I Married Wyatt Earp is a 1983 American Western television film directed by Michael O'Herlihy. The film premiered January 10, 1983, on NBC. It is based on Josephine Earp's memoir of the same name and stars Marie Osmond as Josie Marcus, Bruce Boxleitner as Wyatt Earp, and John Bennett Perry as Johnny Behan.

==Plot==
The movie tells the story of Josie Marcus (Marie Osmond), a young opera singer from San Francisco, who heads out west, where she meets, falls in love with, and marries legendary lawman Wyatt Earp (Bruce Boxleitner).

==Cast==
- Marie Osmond as Josephine "Josie" Marcus
- Bruce Boxleitner as Wyatt Earp
- John Bennett Perry as Johnny Behan
- Jeffrey De Munn as Doc Holliday
- Allison Arngrim as Amy
- Ross Martin as Jacob Spiegler
- Ron Manning as Virgil Earp
- Josef Rainer as Morgan Earp
- Charles Benton as Ike Clanton
- Earl W. Smith as Frank Stillwell

==Production==
===Development===
The University of Arizona Press published the memoir I Married Wyatt Earp in 1976, listing the author as Josephine Earp, and edited by Glenn Boyer.
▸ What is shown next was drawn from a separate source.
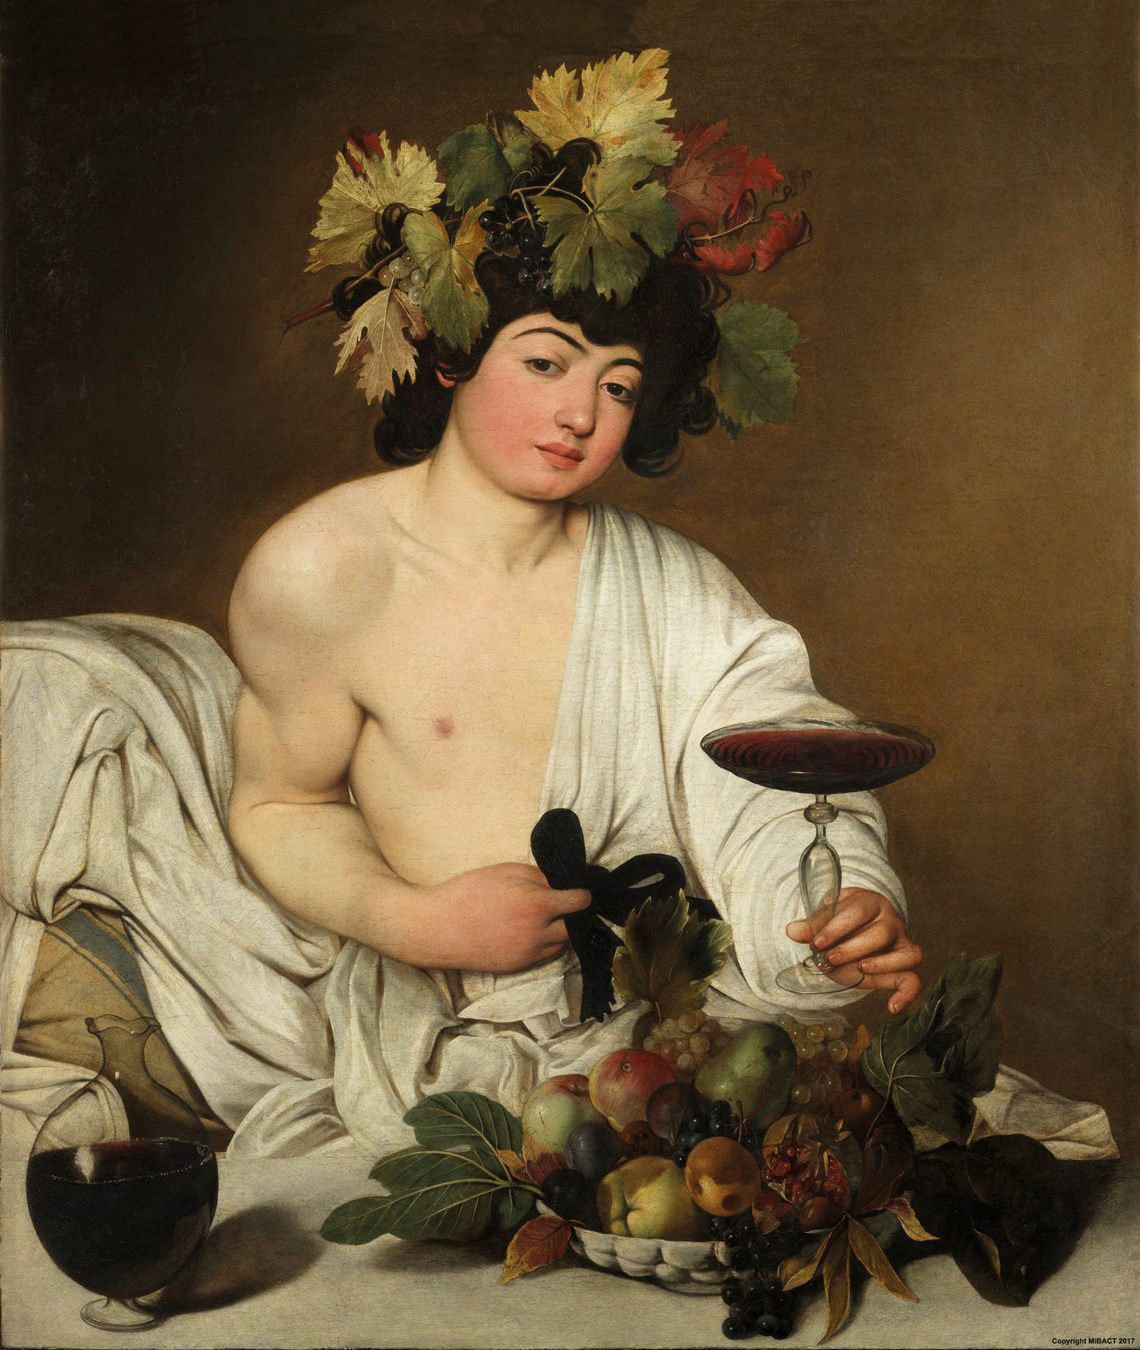 Pintura de Baco, o deus grego do vinho.

Some critics questioned Boyer's sources for the book, but Stephen Cox, then director of the University of Arizona Press, told the Arizona Daily Star in July 1998 that he stood behind the authenticity of the book. It is the second best-selling book about Western Deputy U.S. Marshal Wyatt Earp ever sold.

===Filming===
The TV movie was filmed in 1981 but not broadcast until 1983. It is Ross Martin's final performance.